La Anatomía de una Interpolación: La Coma Joánica, la Evolución del Dogma Trinitario y la Transmisión Textual del Nuevo Testamento

/ Raúl Soto Vélez, 3 de julio de 2026



Introducción

En el vasto y complejo universo de la crítica textual bíblica, pocos pasajes han suscitado un debate tan encarnizado, prolongado y revelador como 1 Juan 5:7-8. Durante más de un milenio, este fragmento se erigió como la fortaleza inexpugnable de la teología ortodoxa cristiana, proporcionando la única formulación explícita, directa e inequívoca del dogma de la Santísima Trinidad en todo el corpus del Nuevo Testamento. En las traducciones clásicas que moldearon el pensamiento de Occidente, desde la Vulgata Clementina hasta la influyente Biblia Reina-Valera de 1569 y la King James Version de 1611, el texto proclama con rotunda autoridad:

«Porque tres son los que dan testimonio en el cielo: el Padre, el Verbo y el Espíritu Santo; y estos tres son uno. Y tres son los que dan testimonio en la tierra: el Espíritu, el agua y la sangre; y los tres concuerdan».

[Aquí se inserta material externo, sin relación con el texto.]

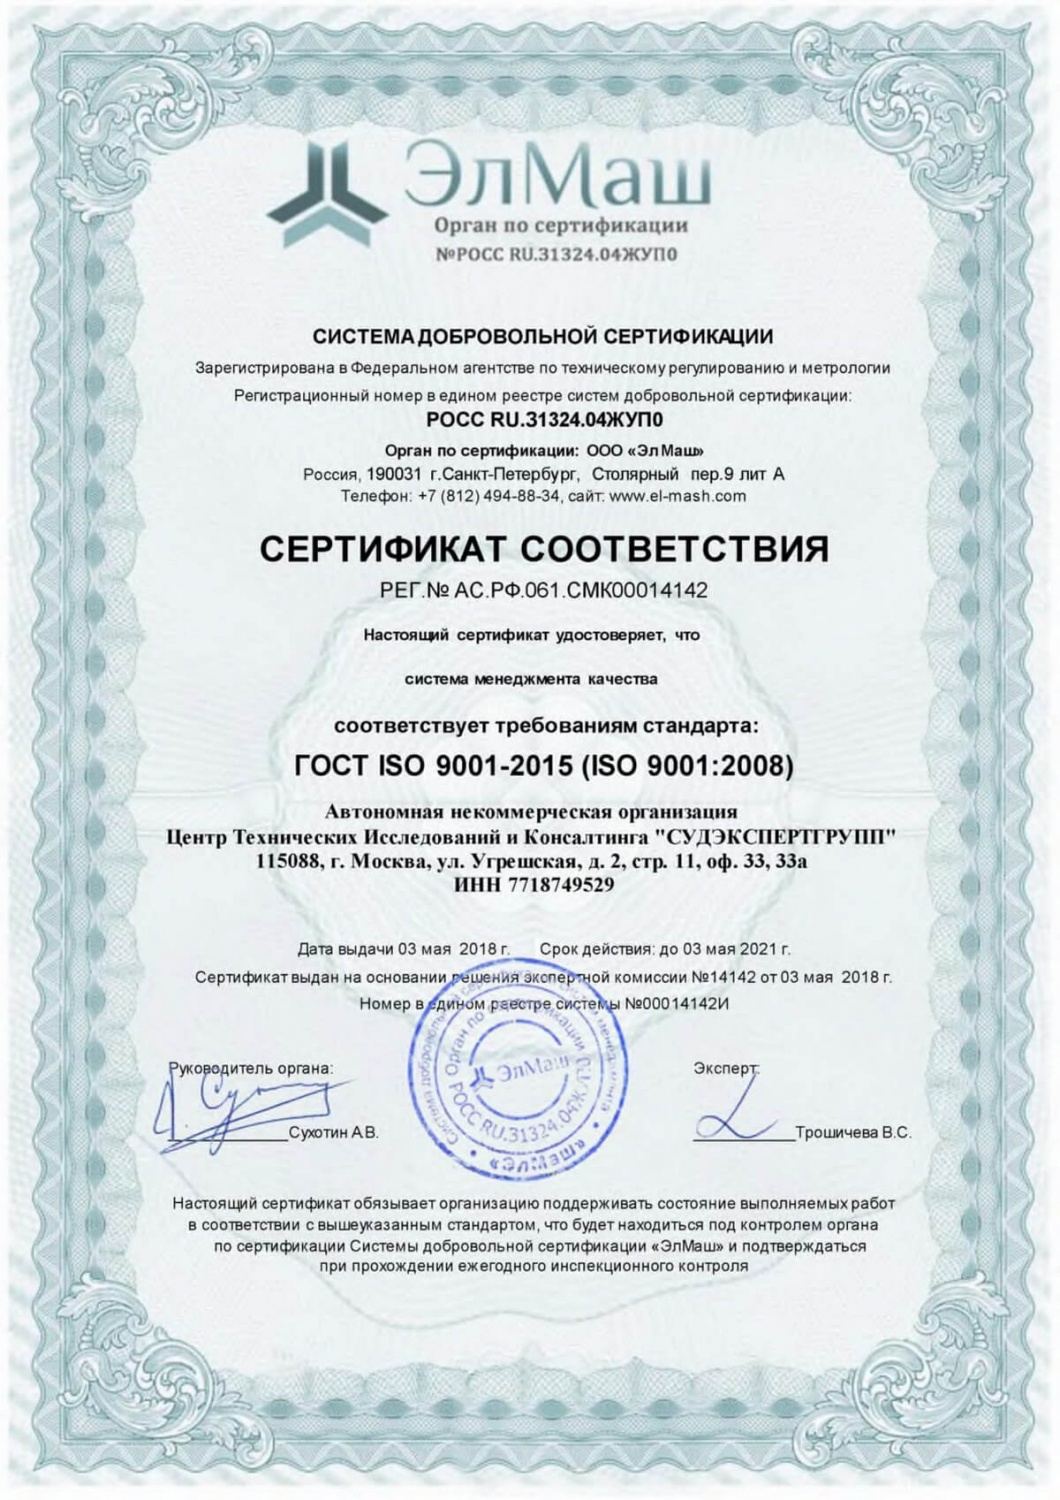 Сертификат соответствия ГОСТ ISO 9001-2015 (ISO 9001:2008)

Sin embargo, detrás de esta majestuosa declaración teológica se oculta una de las alteraciones literarias más fascinantes de la historia de la religión. El pasaje celestial —conocido en el ámbito académico como la Coma Joánica (del latín comma, que designa una cláusula o inciso gramatical)— representa una interpolación tardía. Como ha demostrado de manera irrefutable la moderna crítica textual, respaldada por la erudición de investigadores contemporáneos como Bruce M. Metzger, Bart D. Ehrman, Julio C. Trebolle Barrera y Antonio Piñero, el autor originario de la Primera Epístola de Juan en el siglo I d.C. jamás escribió las palabras referentes al Padre, el Verbo y el Espíritu Santo [1][2].

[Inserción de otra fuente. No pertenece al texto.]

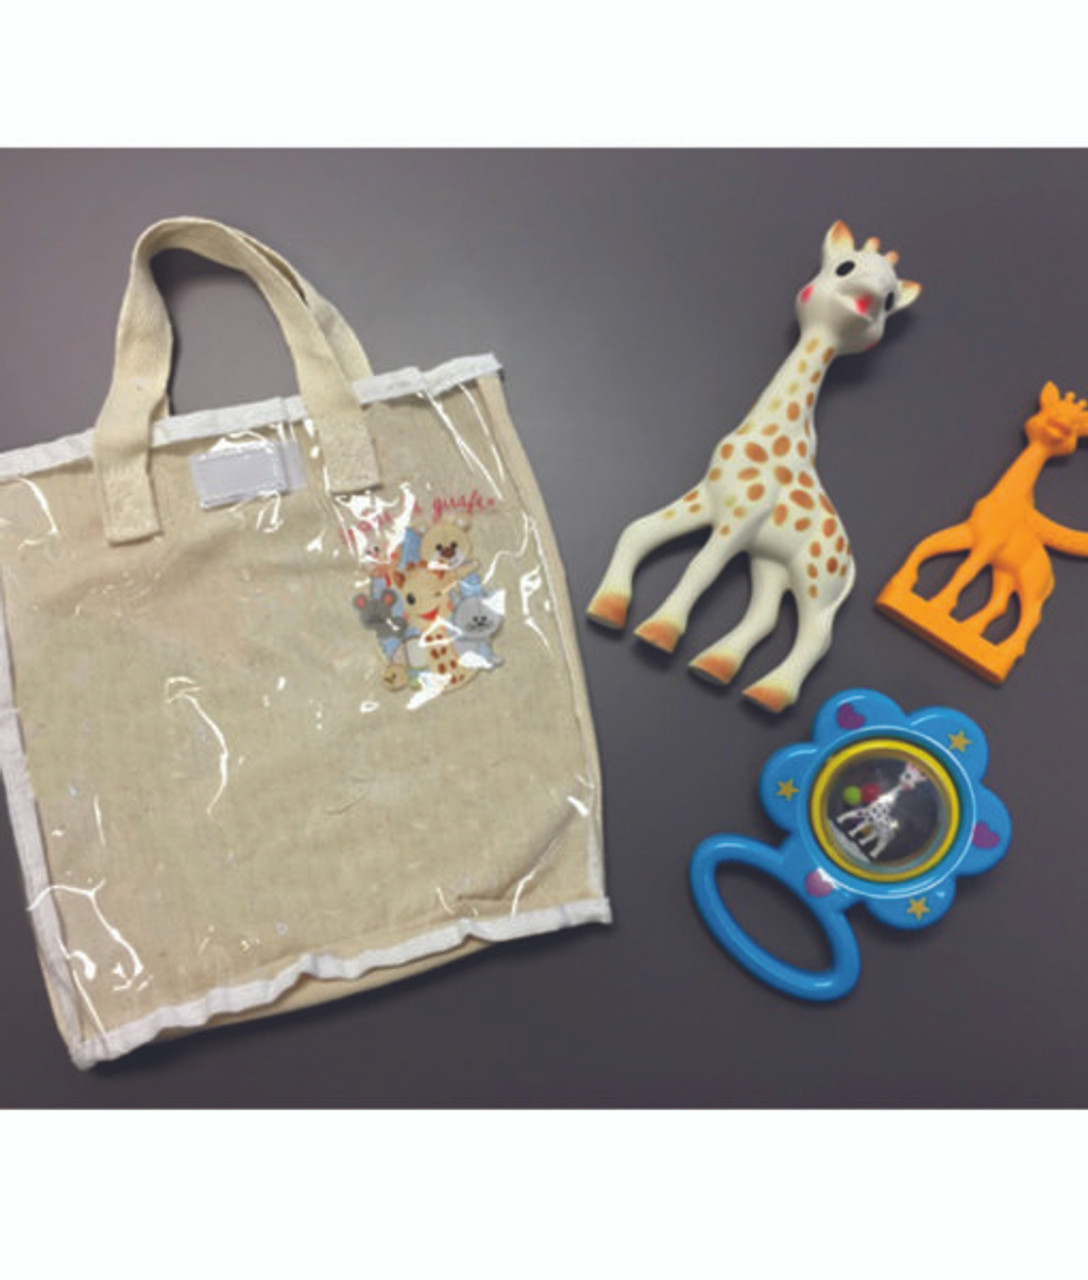 Sophie la girafe® and her bag

La ausencia de esta cláusula en la totalidad de los manuscritos griegos antiguos, sumada al estruendoso silencio de los Padres de la Iglesia oriental durante las feroces disputas cristológicas de los siglos IV y V, plantea interrogantes históricos fundamentales: ¿En qué momento histórico se añadió este texto? ¿Qué motivaciones exegéticas y dogmáticas impulsaron a los escribas a alterar el texto sagrado? ¿Y cómo es posible que un añadido latino forjado en la Antigüedad Tardía lograra secuestrar la primera edición impresa del Nuevo Testamento en griego en el siglo XVI?

Este artículo propone un recorrido exhaustivo y crítico por la historia de la Coma Joánica, desentrañando su origen como una inocente alegoría norteafricana, su cristalización como glosa marginal en Hispania y, finalmente, su fraudulenta inserción en el texto griego mediante la fabricación de un códice a medida para doblegar el rigor académico de Erasmo de Rotterdam.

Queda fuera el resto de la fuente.